Programmatic advertising offers a smarter, faster alternative to manual digital advertising. Both publishers and advertisers may find themselves struggling with the management of ad space and manually negotiating the sale and purchase of ads is a time-consuming process.

How Programmatic Advertising Works

 Programmatic advertising helps to connect publishers - those who have websites with ad space (ad inventory) to sell - and advertisers - those who want to buy that ad space to promote their brand.

  1. When an advertiser wants to launch a digital campaign to promote their product or service, they contact their programmatic ad agency or trading desk. The agency uses a demand-side platform (DSP) to automate the process of buying ad impressions to meet the goal of the campaign.
  2. A DSP allows advertisers and their agencies to purchase ad inventory from multiple publishers. The DSP ensures the ads are aimed at the right audience through the use of a data management platform (DMP), which manages audience data. This data is used to target the right audience, taking a variety of factors into account, such as location, demographics, user behaviour, and online activity.
  3. When a person who falls within the target audience of the advertiser lands on a publisher's website, the website will send an ad request to the supply-side platform (SSP). An SSP is used by a publisher to sell ads, with the aim of maximising the value the publisher receives from an impression. The SSP runs an auction among its buyers, and the DSP is connected in. 
  4. The DSP uses the data that it receives to evaluate the ad and match it with their data and target parameters. This is used to decide a bidding price for the first impression. Held within the SSP or ad exchange in real-time, the process is often referred to as Real-time Bidding. Although this sounds like a long process, it takes just 100 milliseconds to complete the bidding. After the impression has been sold, it is sent to the publisher's website to be displayed. The process repeats whenever a user lands on the website or refreshes.
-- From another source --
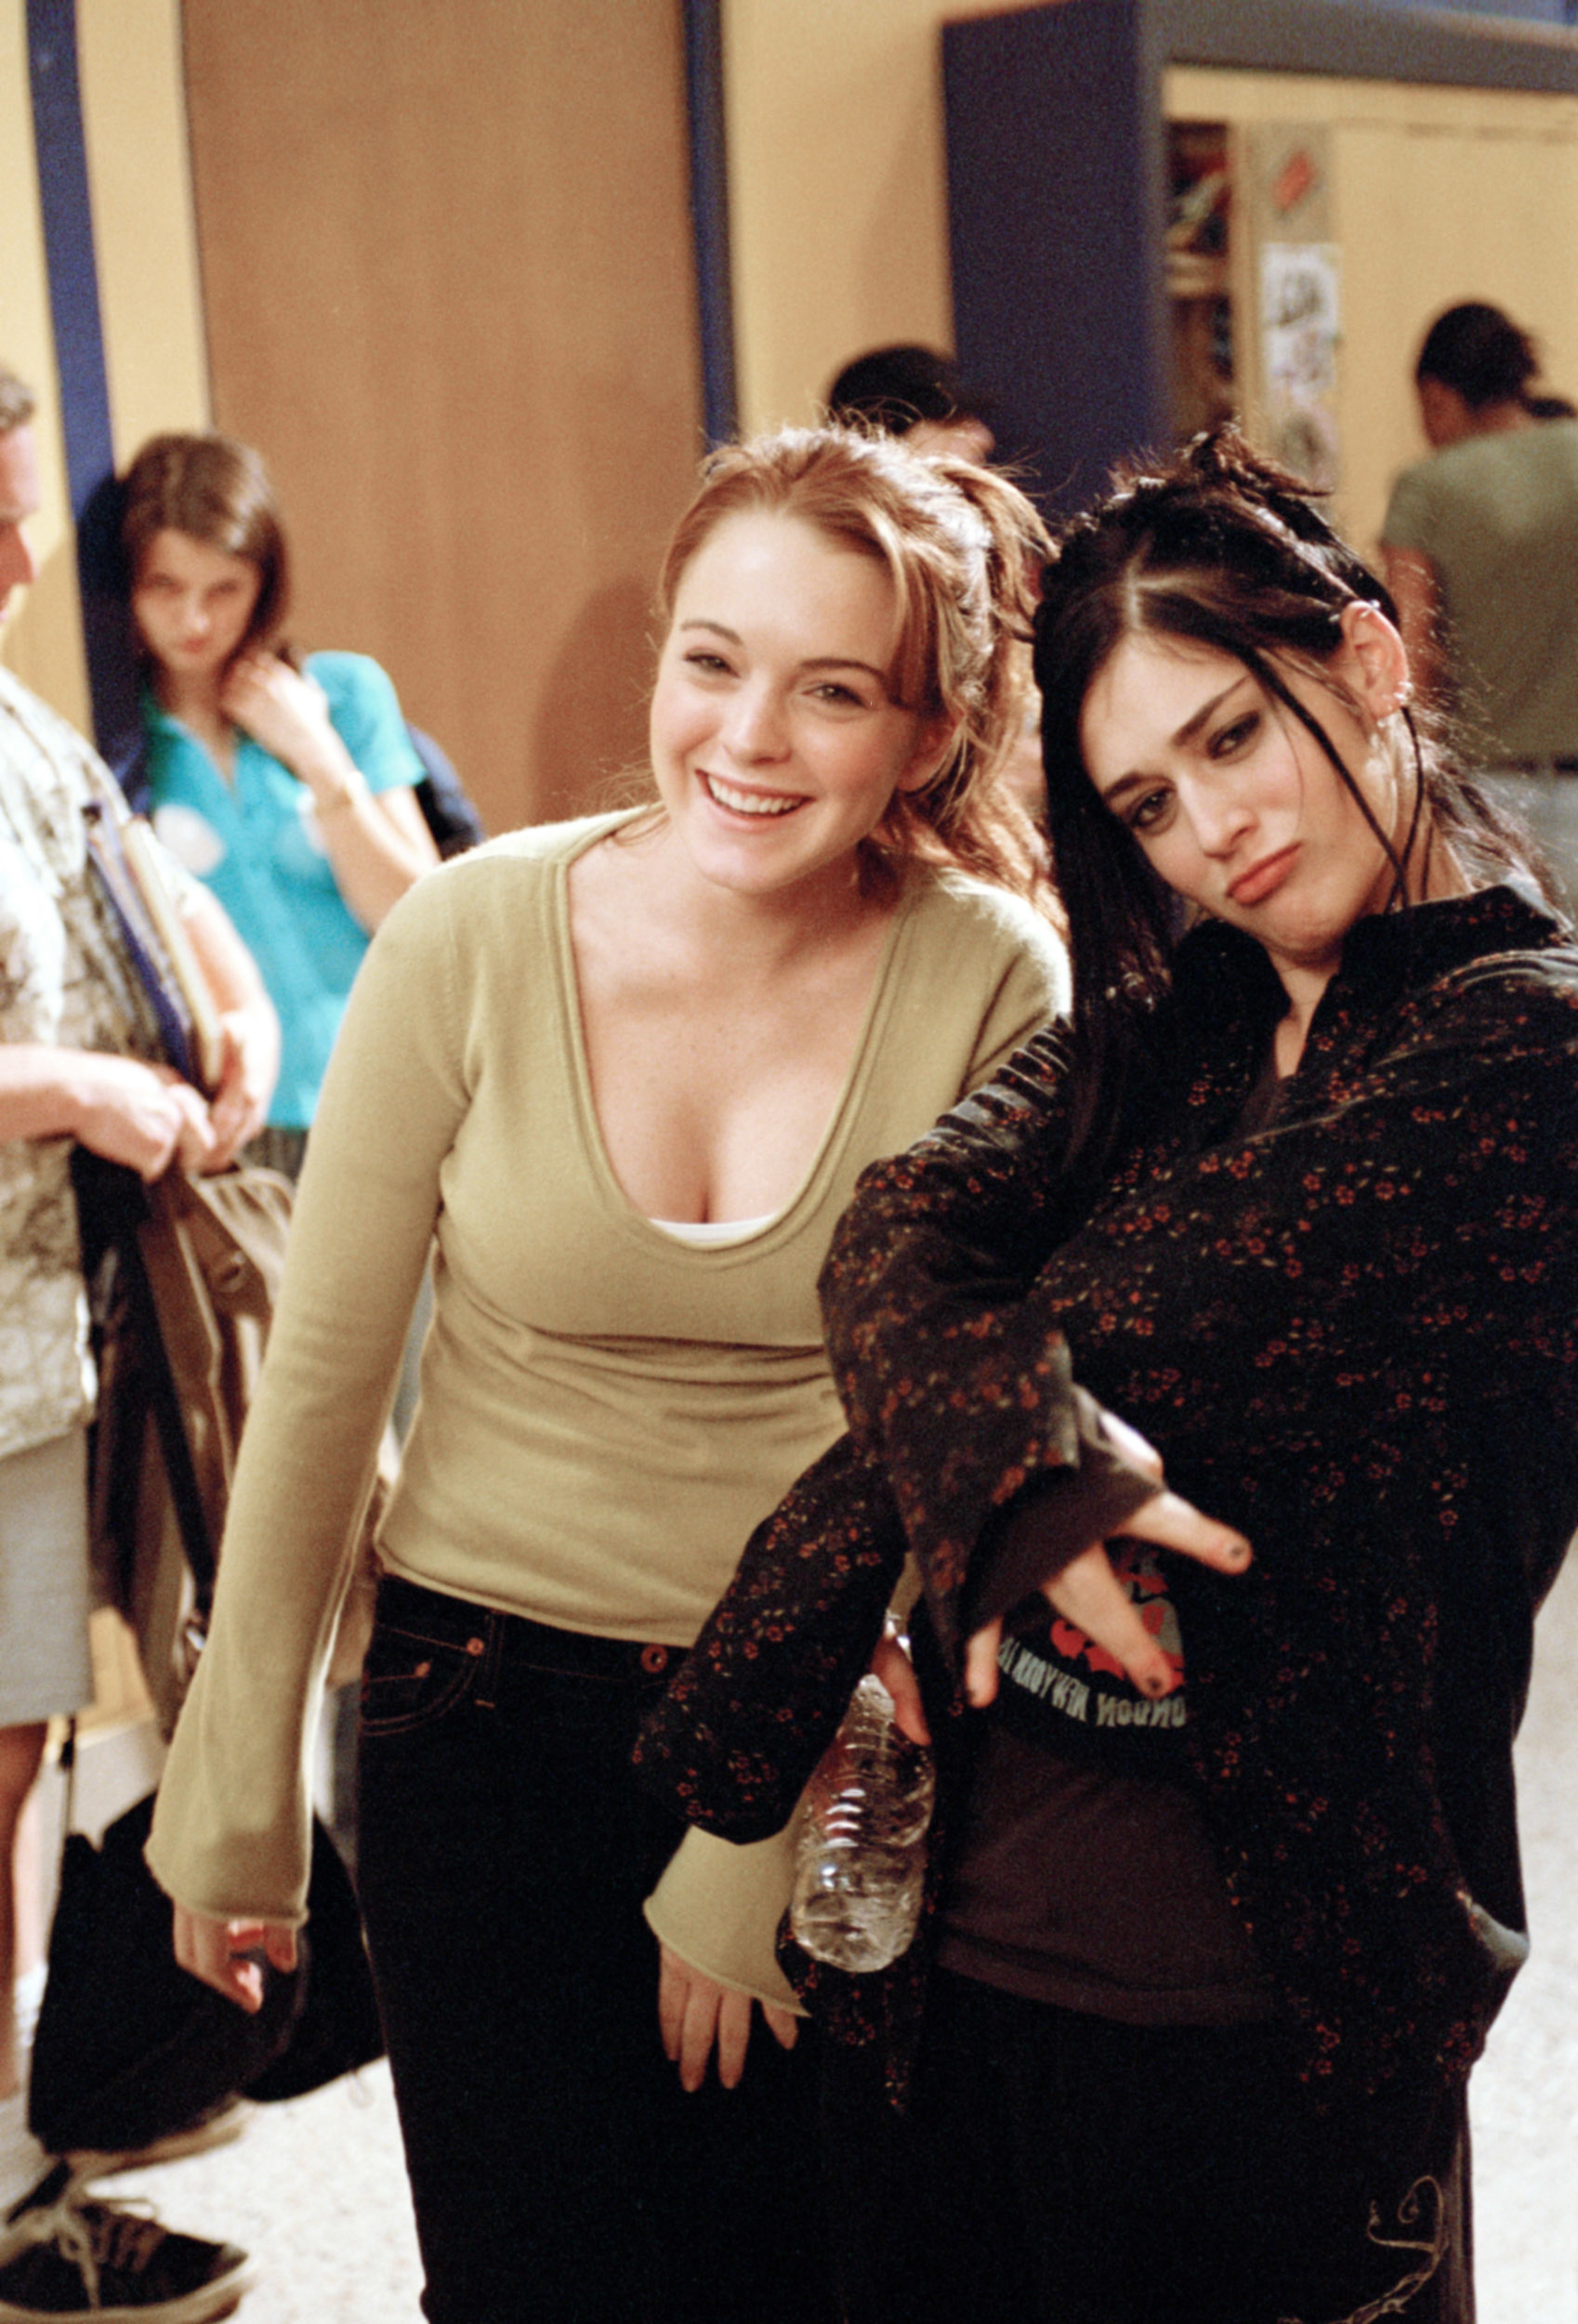 Behind the scenes of &quot;Mean Girls&quot;

Programmatic Platforms and Auctions

Programmatic platforms are platforms like Publift that help with programmatic advertising. There are various platforms available for publishers to find the right services and get access to the right advertisers that match their needs.

Programmatic advertising platforms form a part of the complete system required for the programmatic advertising process. Each part of the system works together to serve both publishers and advertisers and ensure they both benefit. Some of the types of platforms are named above, including Demand Side Platform (DSP) and Supply Side Platform (SSP), Data Management Platform (DMP), and Ad Exchange.

Let's take a look at each type of programmatic platform to get a better idea of what each one does, and who it's for. 

  

Supply Side Platform (SSP)

An SSP holds the publisher's inventory. The publisher submits a webpage as a source for an advertisement, and after all is agreed on the Ad Exchange, they will put a pixel code on their page to track visitor behaviour. The code delivers anonymous data about visitors and the actions that they take. The SSP is programmed to maximise the value that publishers receive from an impression of an ad (an impression being an instance of the ad being shown to someone).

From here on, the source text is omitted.